I doubt the trace amounts that could be transferred to the blade, and then make it to the food would be enough to cause any ill effects.


----------



## tinkerhell (Oct 8, 2014)

The polish(sp?) is a combination of dyes and waxes. I think an oil would preserve the leather better, but won't the waxes will attract less dirt?


----------



## HuntingHawk (Dec 16, 2012)

Vegetable oil tanned leather & saddle soap rubbed on the outside which has a base of mink oil.


----------



## Kauboy (May 12, 2014)

Does leather tanned with vegetable oil cause a smell after a while?
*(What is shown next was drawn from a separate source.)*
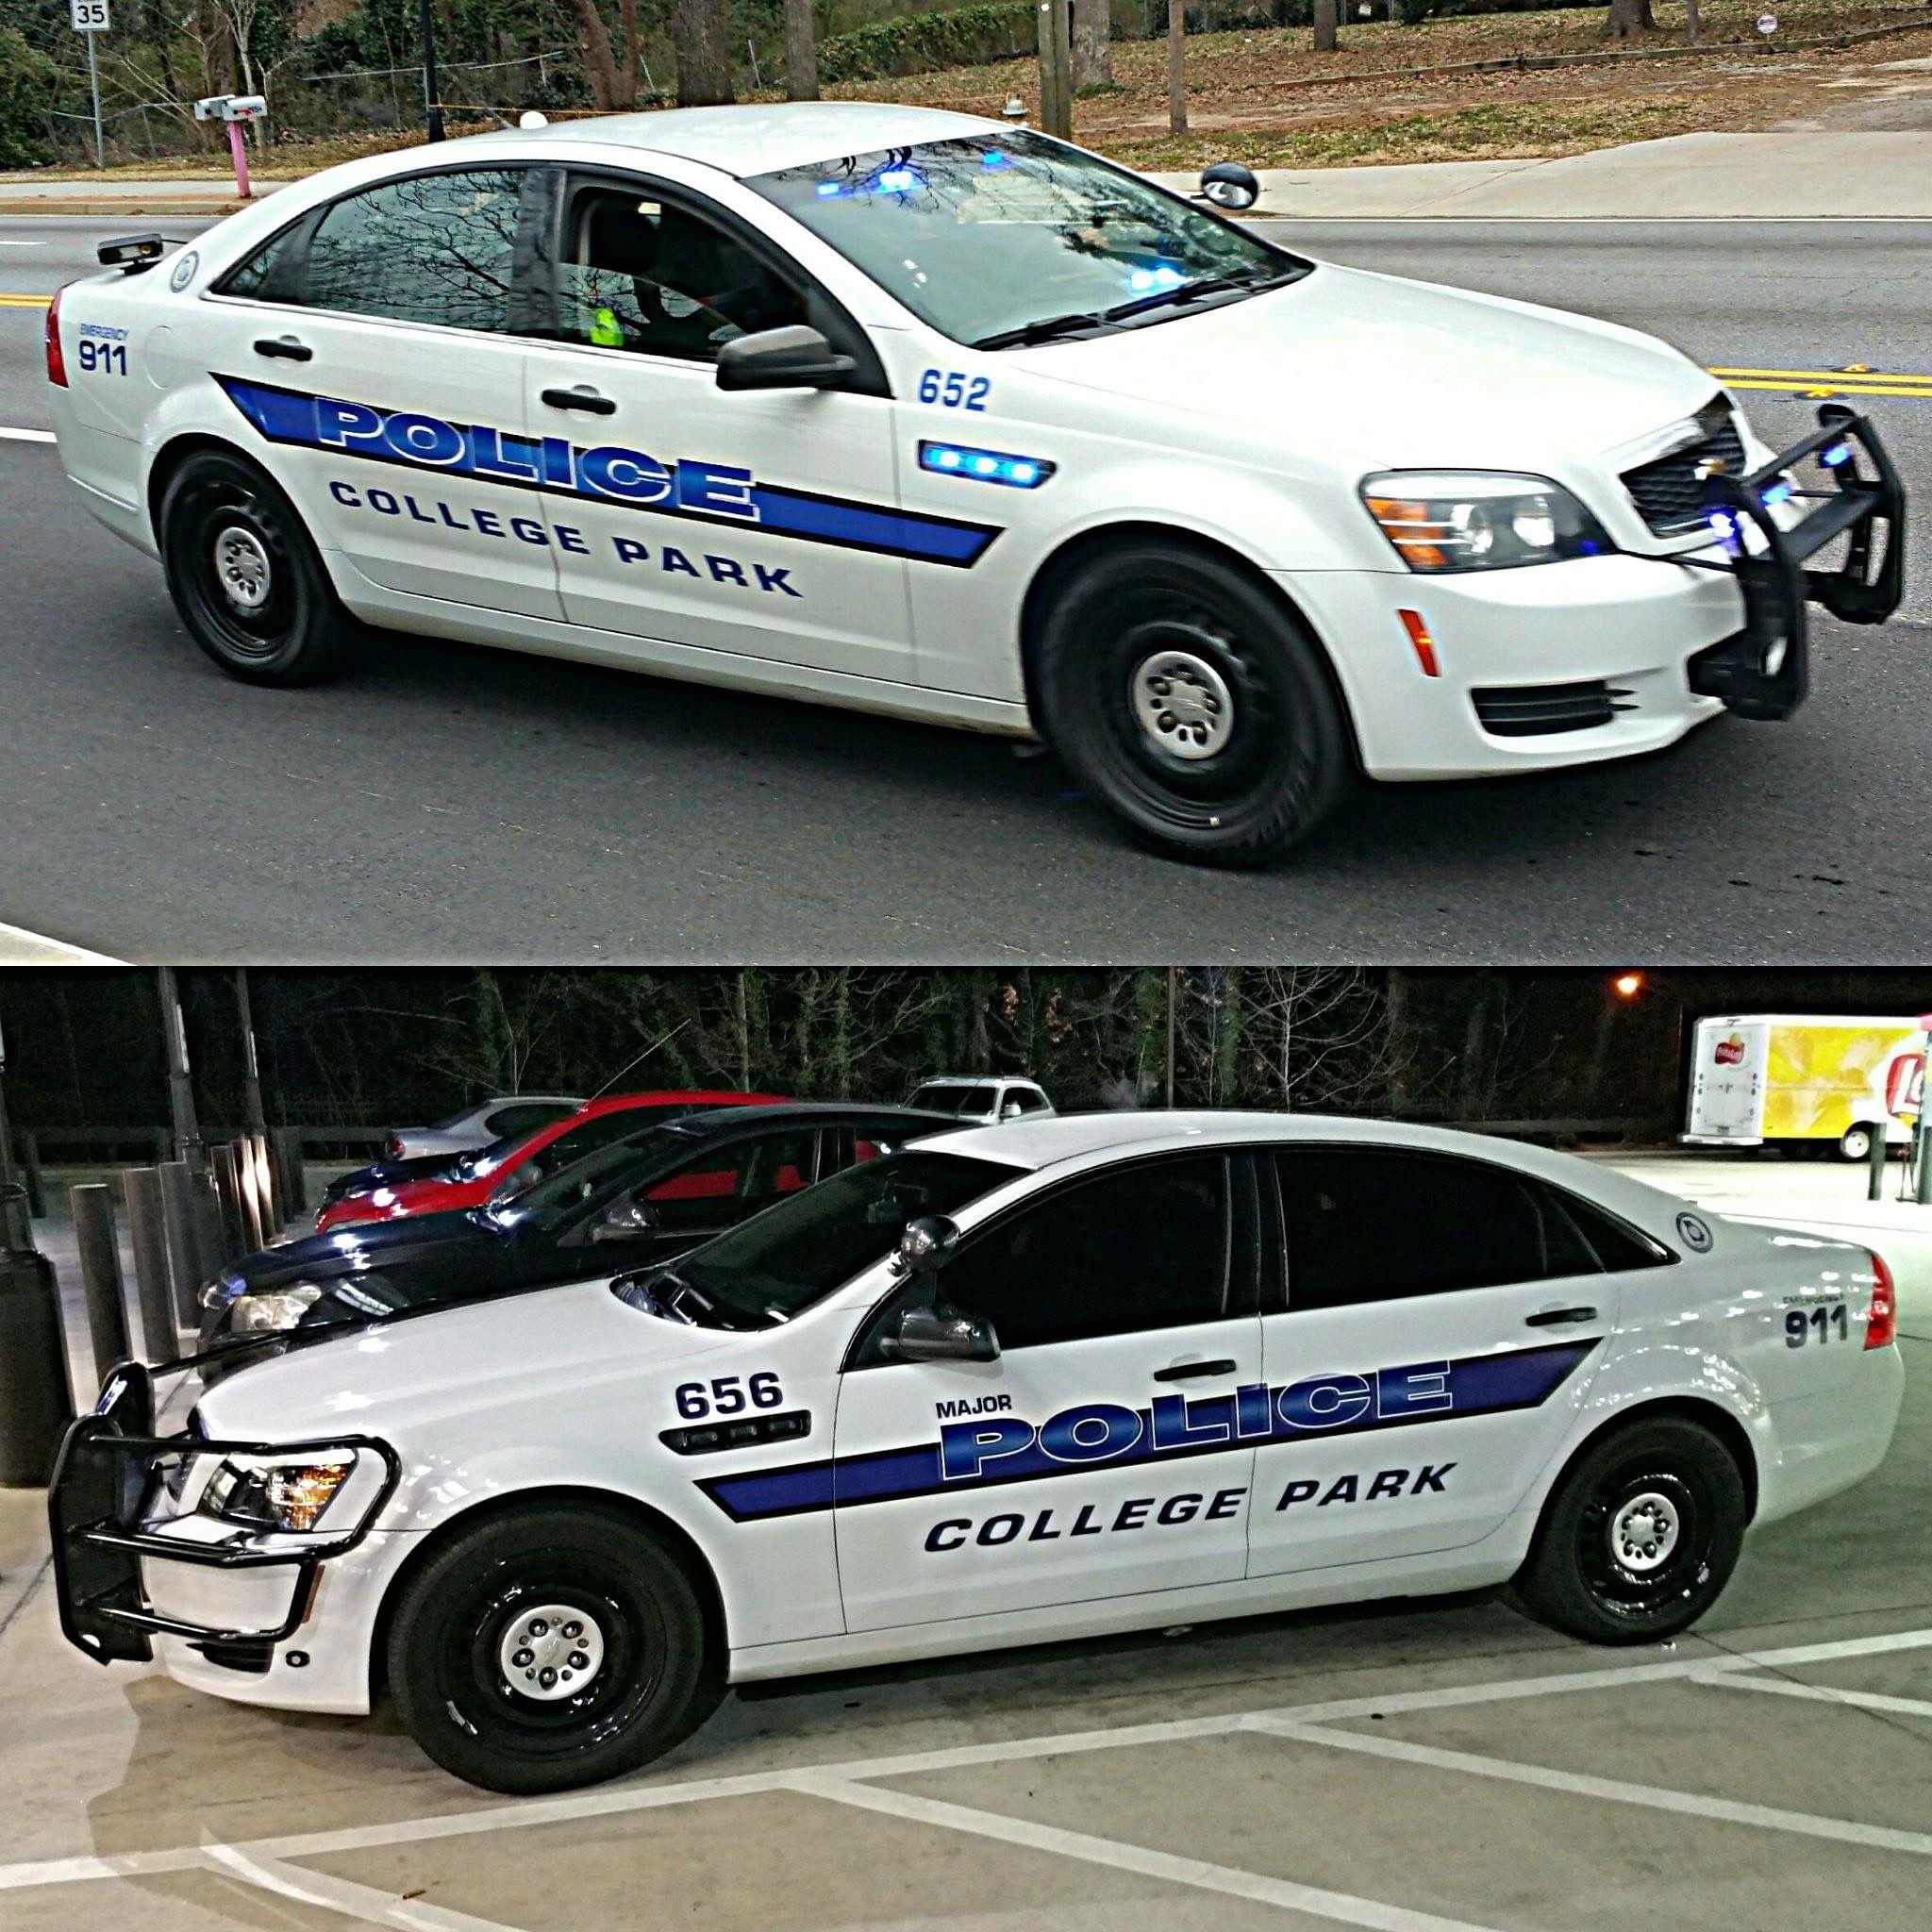 College Park Police Department Georgia New Chevrolet Caprice Patrol Car This
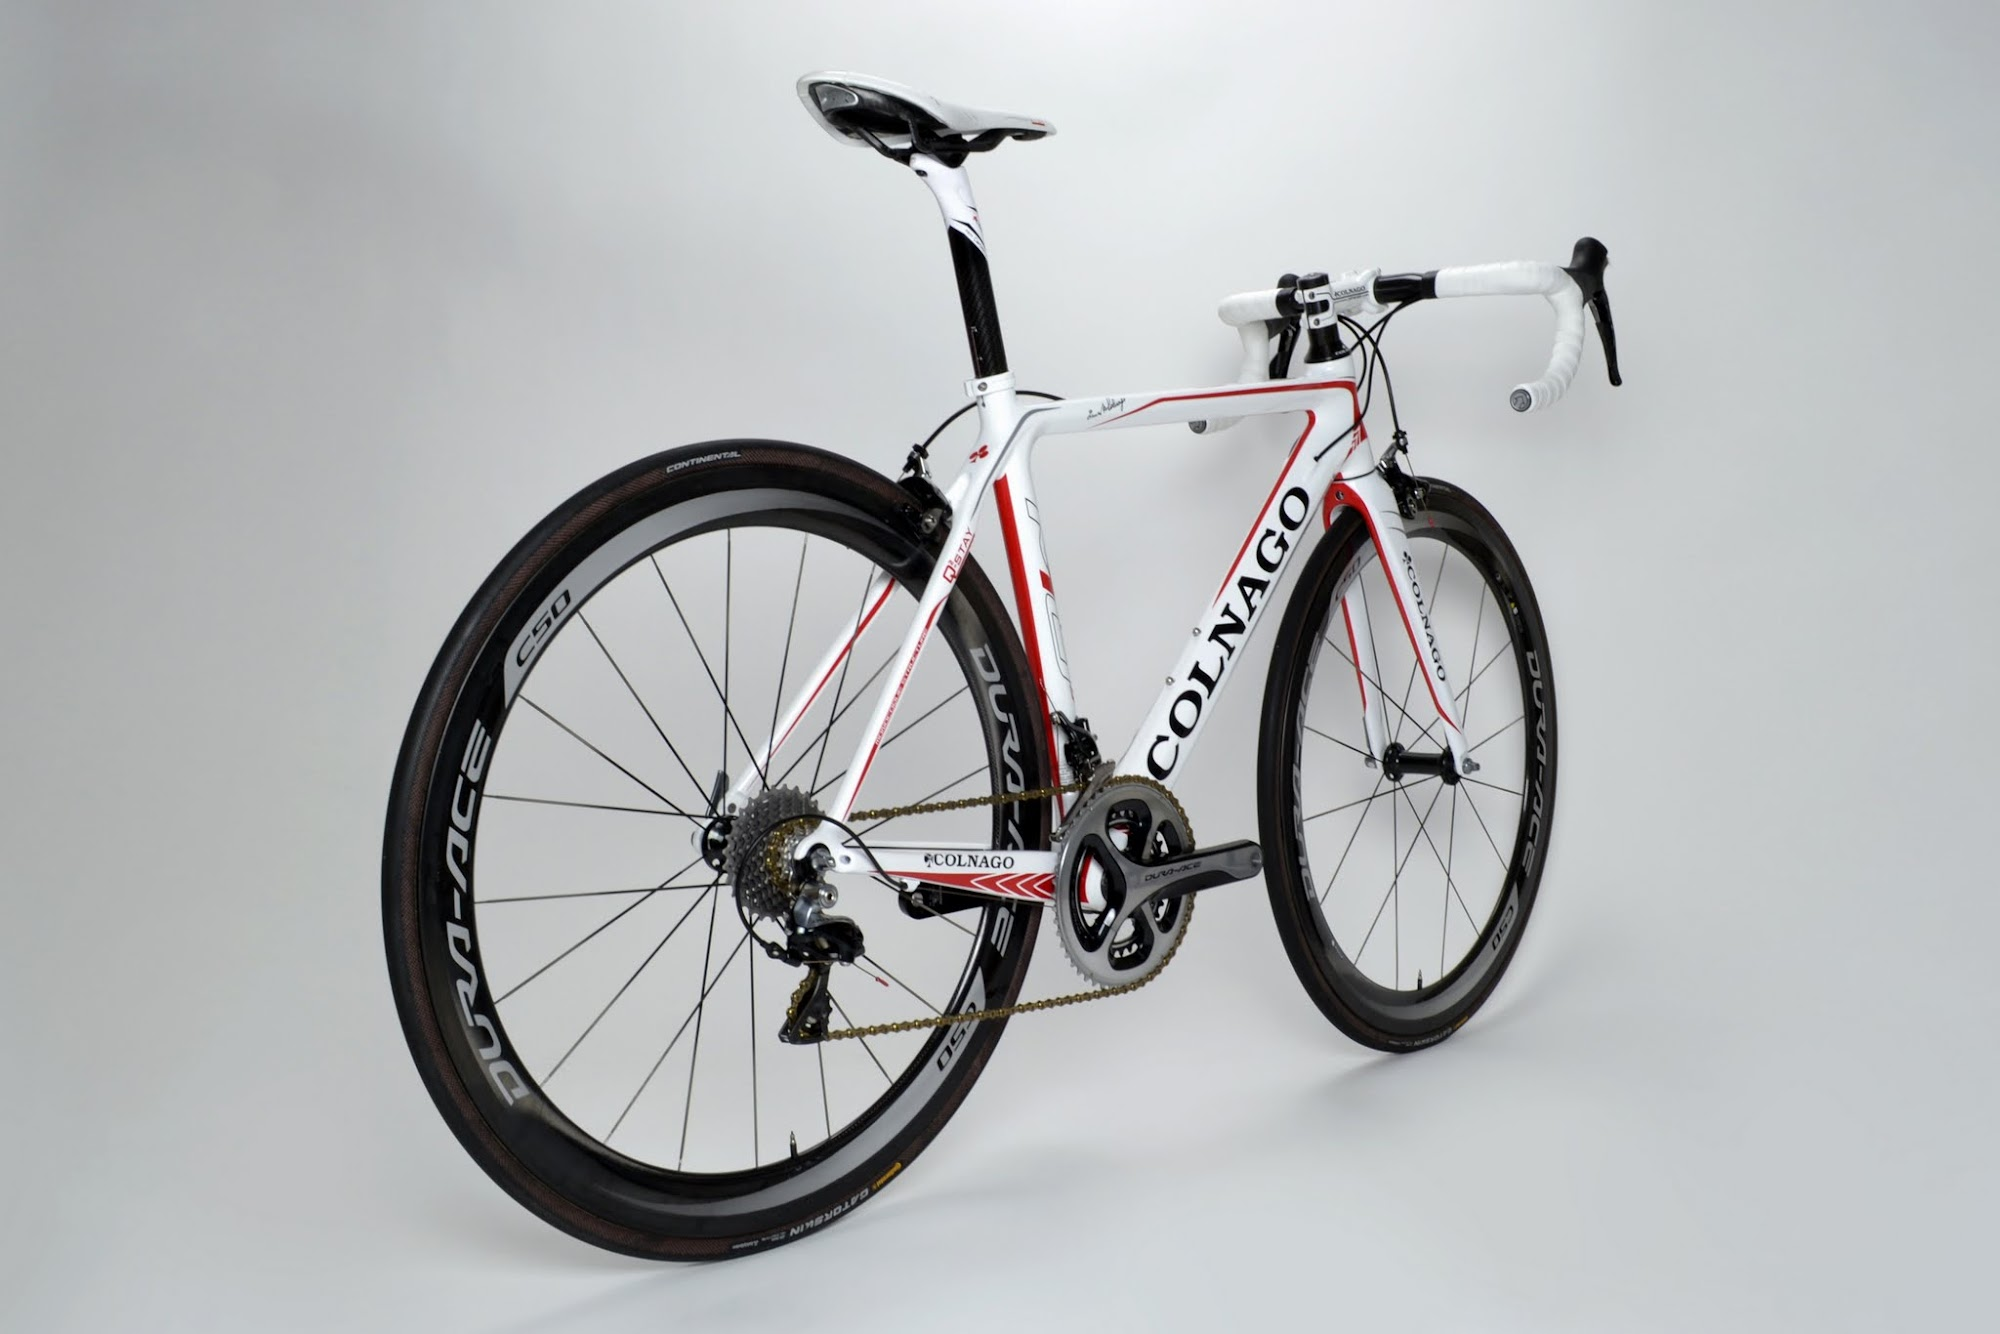 www.twohubs.com: Colnago M10 S Shimano Dura Ace 9000 Complete Bike at twohubs.com

I would think it could still go rancid, even when rubbed into leather.


----------



## HuntingHawk (Dec 16, 2012)

No. Cromium tanned leather is more durable which is great for gun holsters.


----------



## HuntingHawk (Dec 16, 2012)

Saddle soap is bees wax & mink oil. Straight mink oil is expensive but great for keeping leather pliable. Saddle soap you have to rub in to break down the bees wax to release the mink oil.


----------



## scramble4a5 (Nov 1, 2012)

I used Neats Foot oil. Picked it up at Ace Hardware for a few bucks. After that dried I applied a neutral shoe polish to give it some shine.


----------



## scramble4a5 (Nov 1, 2012)

Here is a sheath That came with a Mora classic. I sanded it, dyed it, and then rubbed it down with Neatsfoot oil. I kind of like the basic old school look of it.


----------



## tinkerhell (Oct 8, 2014)

After giving it more thought, i rubbed the leather down with some oil (vegetable oil). It darkened some more.


----------



## scramble4a5 (Nov 1, 2012)

tinkerhell said:


> After giving it more thought, i rubbed the leather down with some oil (vegetable oil). It darkened some more.
> 
> View attachment 10021


That looks very nice. A perfect compliment to your Buck hunting knife.


----------



## tinkerhell (Oct 8, 2014)

scramble4a5 said:


> That looks very nice. A perfect compliment to your Buck hunting knife.


Thank you. I wish I had some rivets like yours. That looks strong.


----------



## Seneca (Nov 16, 2012)

There are a number of ways to go about keeping a knife sheath pliable. If I plan on leaving the leather natural, and just want to darken it up some I use neatsfoot oil. First picture.

If I dye the leather I use a product called sheen which locks in the dye and gives the leather a nice finish. Second picture

Nice sheath, BTW.


----------



## scramble4a5 (Nov 1, 2012)

tinkerhell said:


> Thank you. I wish I had some rivets like yours. That looks strong.


It's okay. Certainly not high end. I bought it to practice dyeing leather. I figure for $20 or so if I messed it up no big deal. Plus I still have the knife. I may try one of the Tandy sheaths for fun.


----------



## 8301 (Nov 29, 2014)

We used to soak new bridals in a pan with Lexol overnight to soften the new leather. After pulling it out you need to rub it down good and hang it for a few days to let the oil dry/soak in so it doesn't wear off staining the horse's head and your hands.

It also darkens the leather quite a bit.

For new saddles we wiped a heavy coat on twice a day for a few days before allowing it to "dry for a week or so before using it.


----------



## TacticalCanuck (Aug 5, 2014)

Looks good man I like it.


----------



## chemikle (Feb 16, 2015)

New sheath for my bahco laplander , after whole day of stitching it is done and I love it  (my first stitched project)


----------



## bigwheel (Sep 22, 2014)

Nice work on that. Cool looking knife handle too.


----------



## Targetshooter (Dec 4, 2015)

great job , like to see more when your done .


----------